Since your money’s growth would be exponential, the best way to do this type of investing is to put in a substantial capital.
However, not a lot of people can set aside thousands or even millions of dollars to see rapid progress in their venture. Fortunately, there are other ways for you to try your hand in investing in stocks, bonds, and other assets without spending your entire fortune.
Spread betting and CFDs can help you leverage your capital and make it grow, regardless of the amount. The two methods have a similar premise, which is to profit from the movement of an asset’s value and take advantage of the market when prices are rising or even when they’re plummeting.
If the term spread betting is causing you to worry about whether it’s legal or not, you can be assured that all processes and transactions are entirely legitimate. It’s crucial that you do your research first and answer questions, such as, “What is spread betting and CFD?” as well as, “How do they work?” before you dive into this specific type of venture.
Another vital thing to understand is the difference between spread betting and CFDs so that you can find the best method that suits your needs and investment preferences. Here are the primary differences you should know about:
Availability And Accessibility
Spread betting is only available for customers in the UK and Ireland, which limits exposure to the risks involved in using foreign currency. Meanwhile, CFD trading can be done by anyone in the world.
There’s also a difference in how you perform the trades. Spread betting is typically conducted online or over-the-counter (OTC) with the help of a broker. On the other hand, you can process CFDs yourself directly in the market, which is ideal if you want more control over your investments. Most platforms nowadays make electronic trades straightforward, so even beginners can start on this trading venture easily.

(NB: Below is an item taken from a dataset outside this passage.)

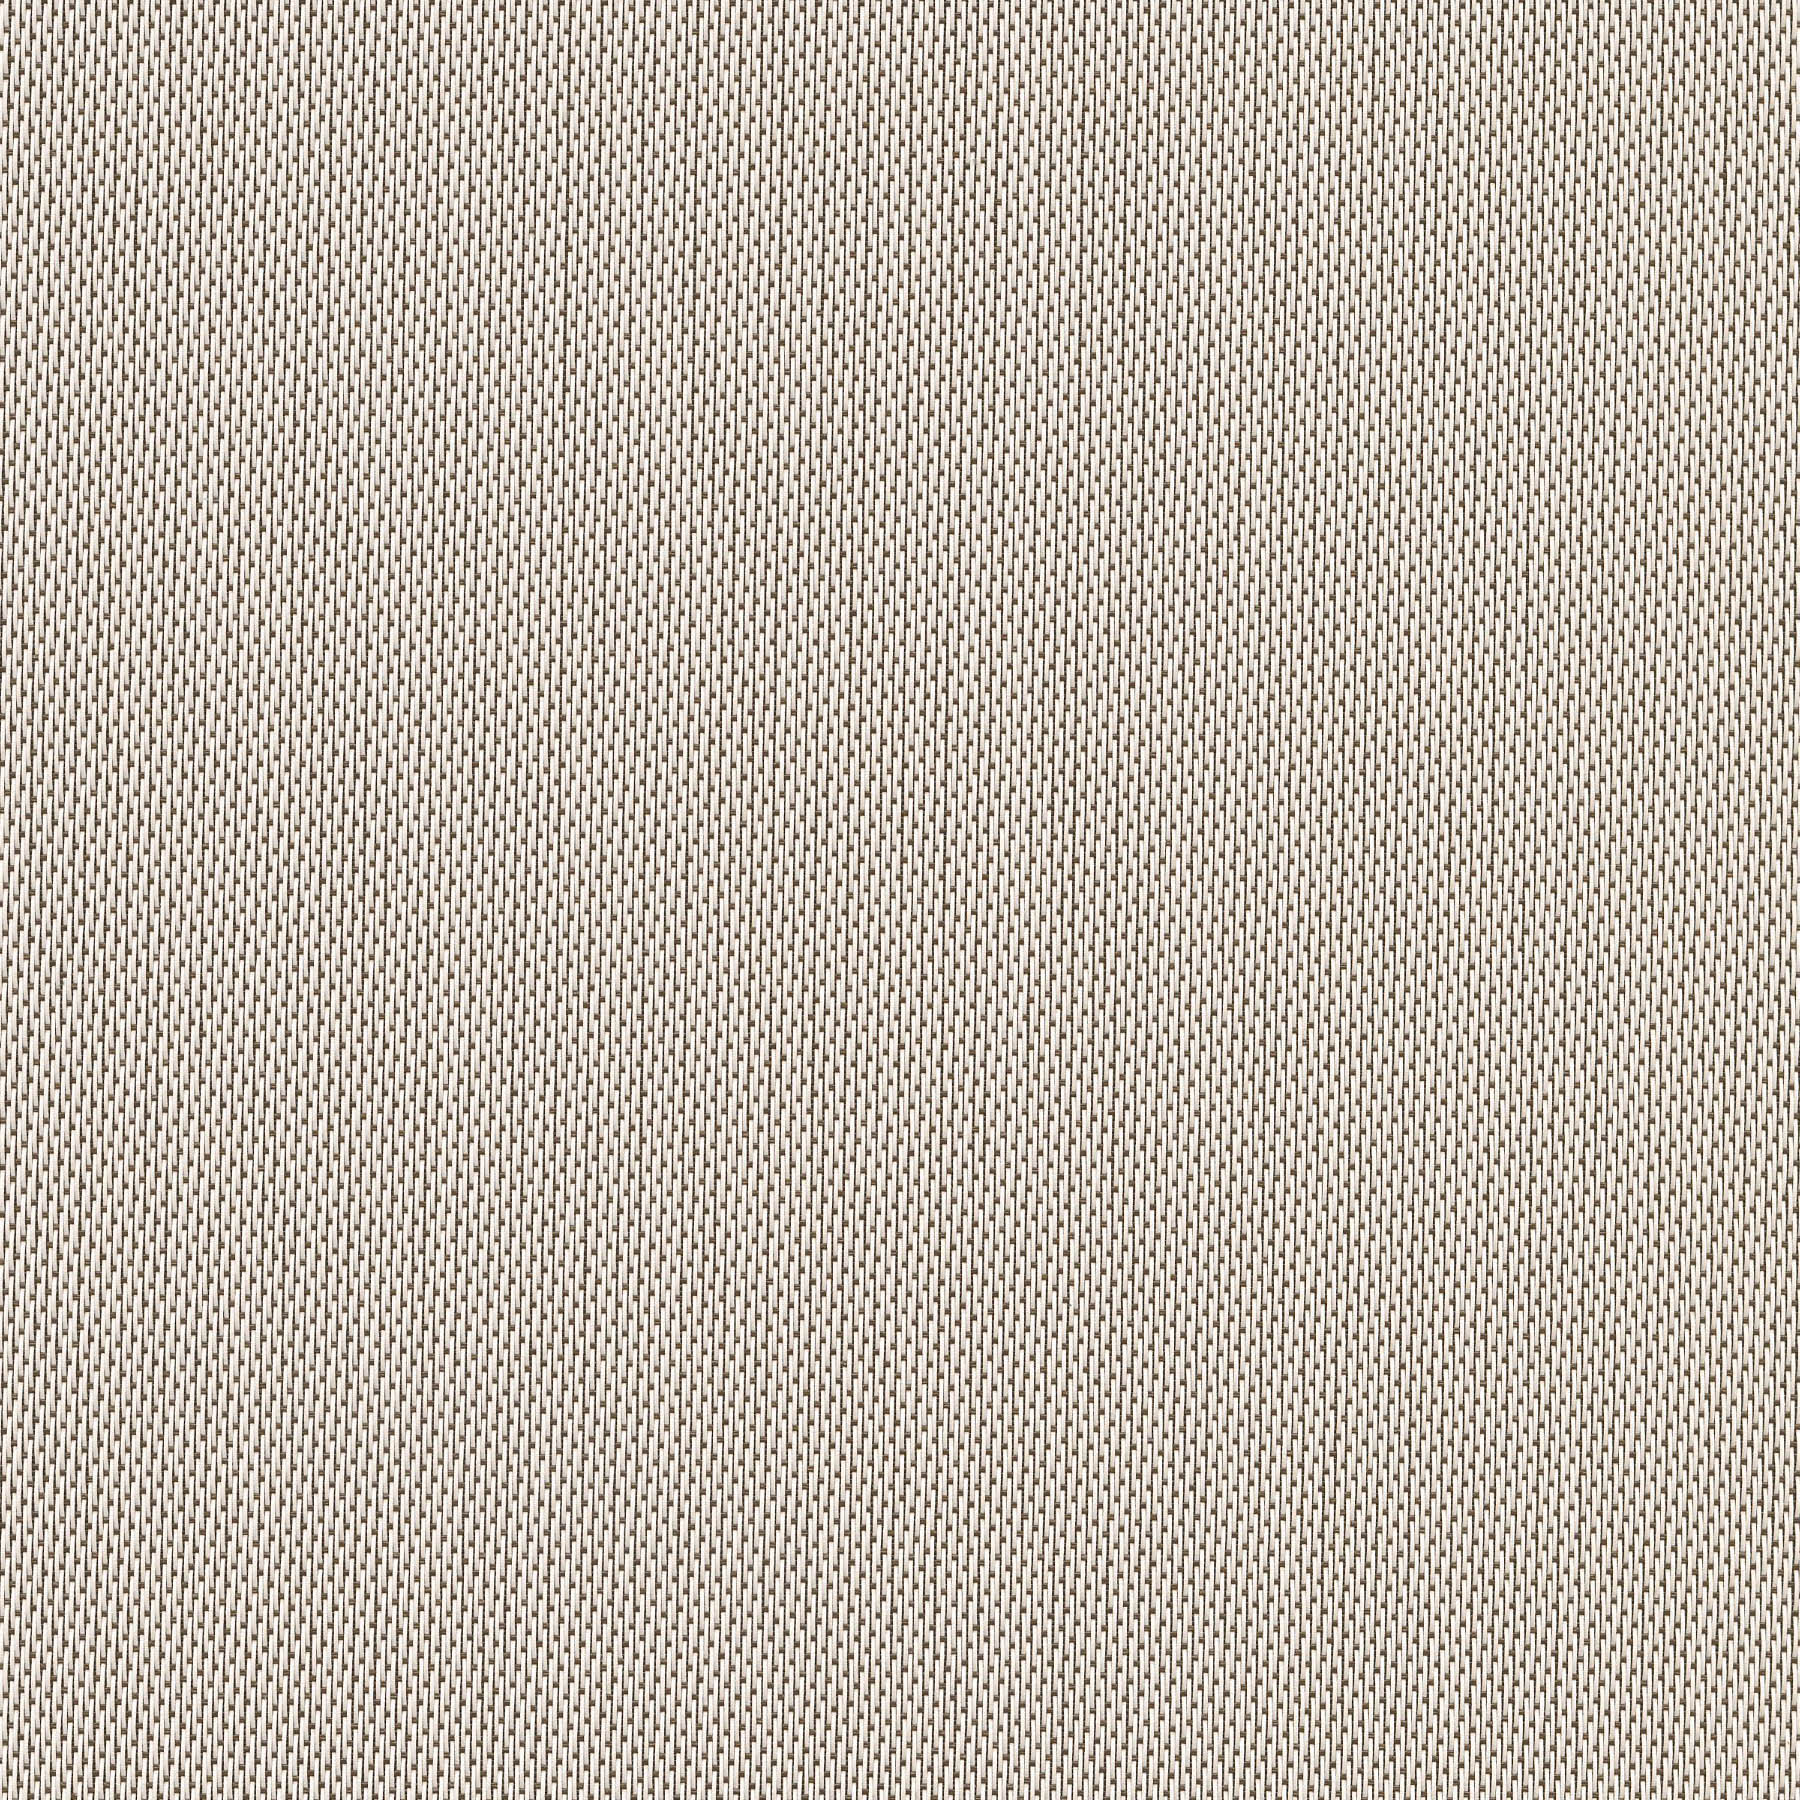 Altex - Fabric - SHEERWEAVE 2701 - Chestnut/White - 154
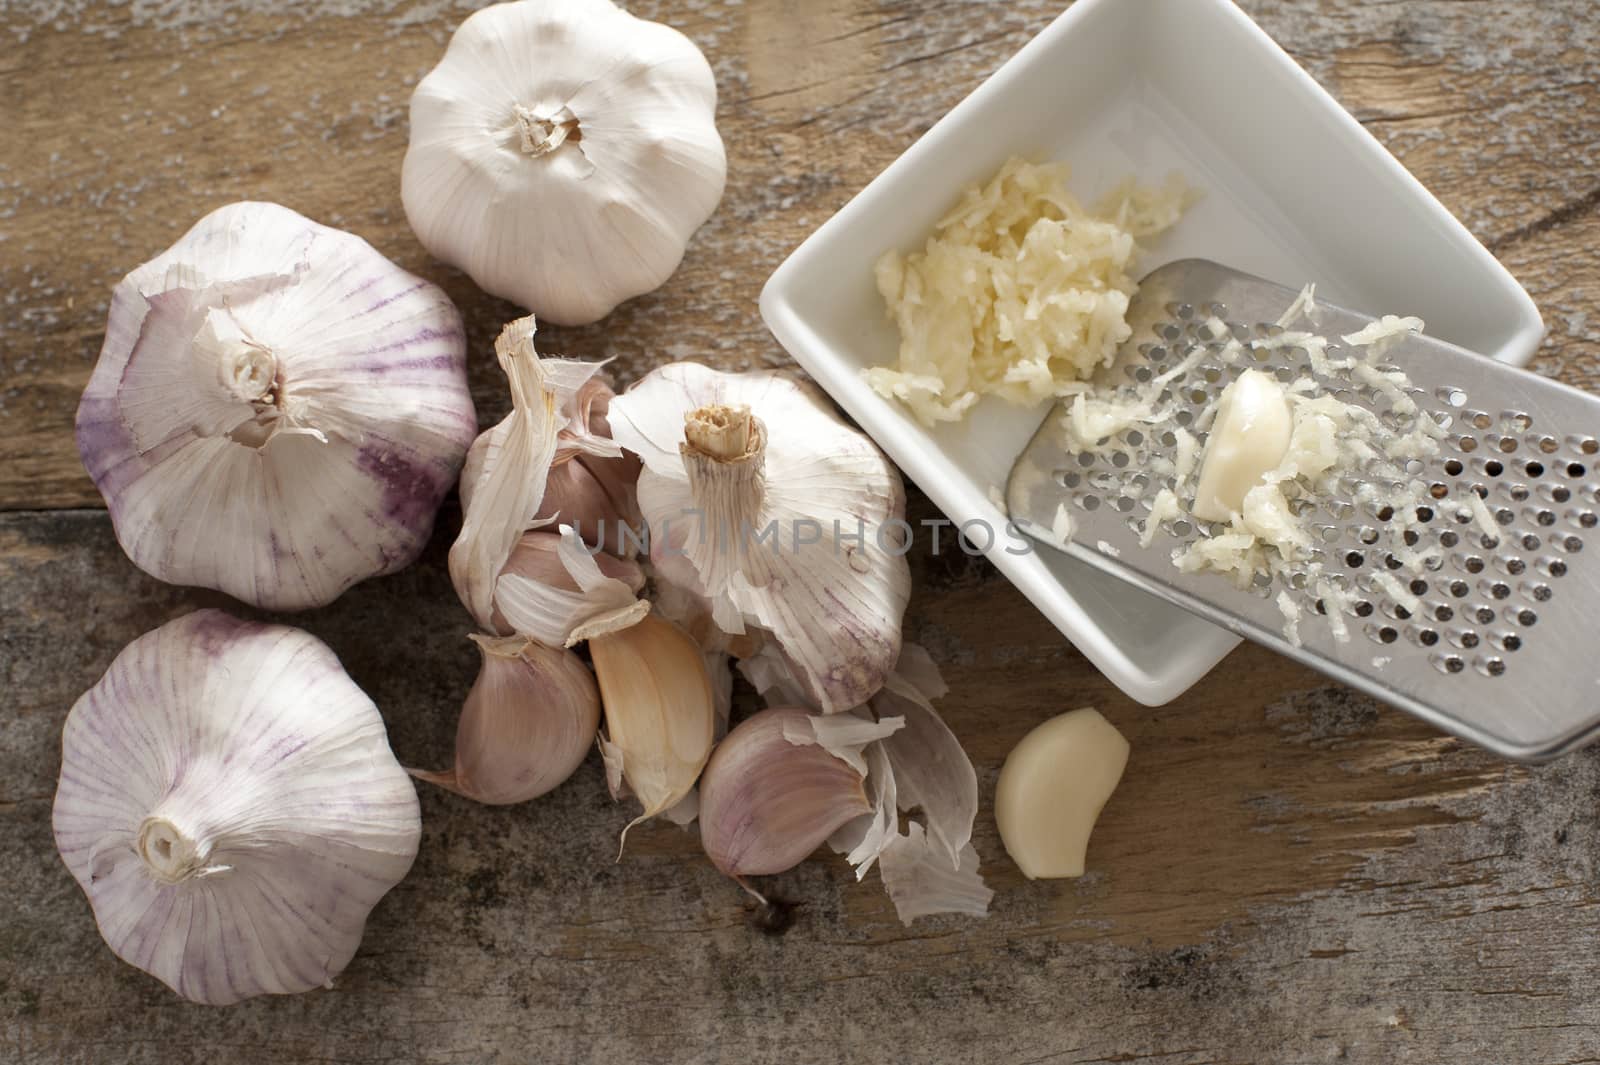 Four garlic bulbs beside shredded cloves by stockarch

One key difference between spread betting and CFDs is that the former is exempted from capital gains tax and stamp duty in the UK. With this, you can expect to bring home all the profits without deductions on taxes.
CFDs aren’t subject to stamp duty as well because, technically, you don’t own the asset when you open a contract. Nonetheless, you still have to pay capital gains tax, which can lower your net profit.
Commissions And Transaction Fees
Although you conduct spread betting with a broker, you don’t have to pay them a commission because they earn a profit from the spread, which is the difference between an asset’s buy and sell prices. For trading CFDs, you must consider the commission charges on your account, along with the spread fees for every order that’s executed.
Holding costs are applicable to both spread bets and CFDs. The rates may vary depending on the platform you’re using.
Profits And Losses Calculations
For both spread betting and CFD trading, you pay only a portion of an asset’s total value. With the former, you determine the difference between a stock or bond price when you opened and closed a position. Afterward, you must multiply the difference with your stake.
CFD trading also involves calculating the difference between the prices when you entered and exited the market. Then, you should multiply it with the number of CFD units you opened.
Currency Deal Sizes And Type Of Account
Since spread betting is only available for customers in the UK, the main currency for these transactions is the pound. For CFDs, you have to use the currency of the market that you’re entering.
Moreover, if you’re planning to open a corporate or professional trading account, your best bet is to go for CFD trading because you can’t get one for spread betting on most platforms.
Spread betting and CFD trading are two ways that you can enter the stock market without spending your entire fortune on the venture. The premise of the two methods is similar. They allow you to leverage your capital by paying only a portion of an asset’s total value while giving you the chance to earn a substantial profit.
The primary difference between spread betting and CFD trading is their accessibility and availability. The latter is exempted from capital gains tax, stamp duty, and commission, which ensures that you get a higher return for your investment.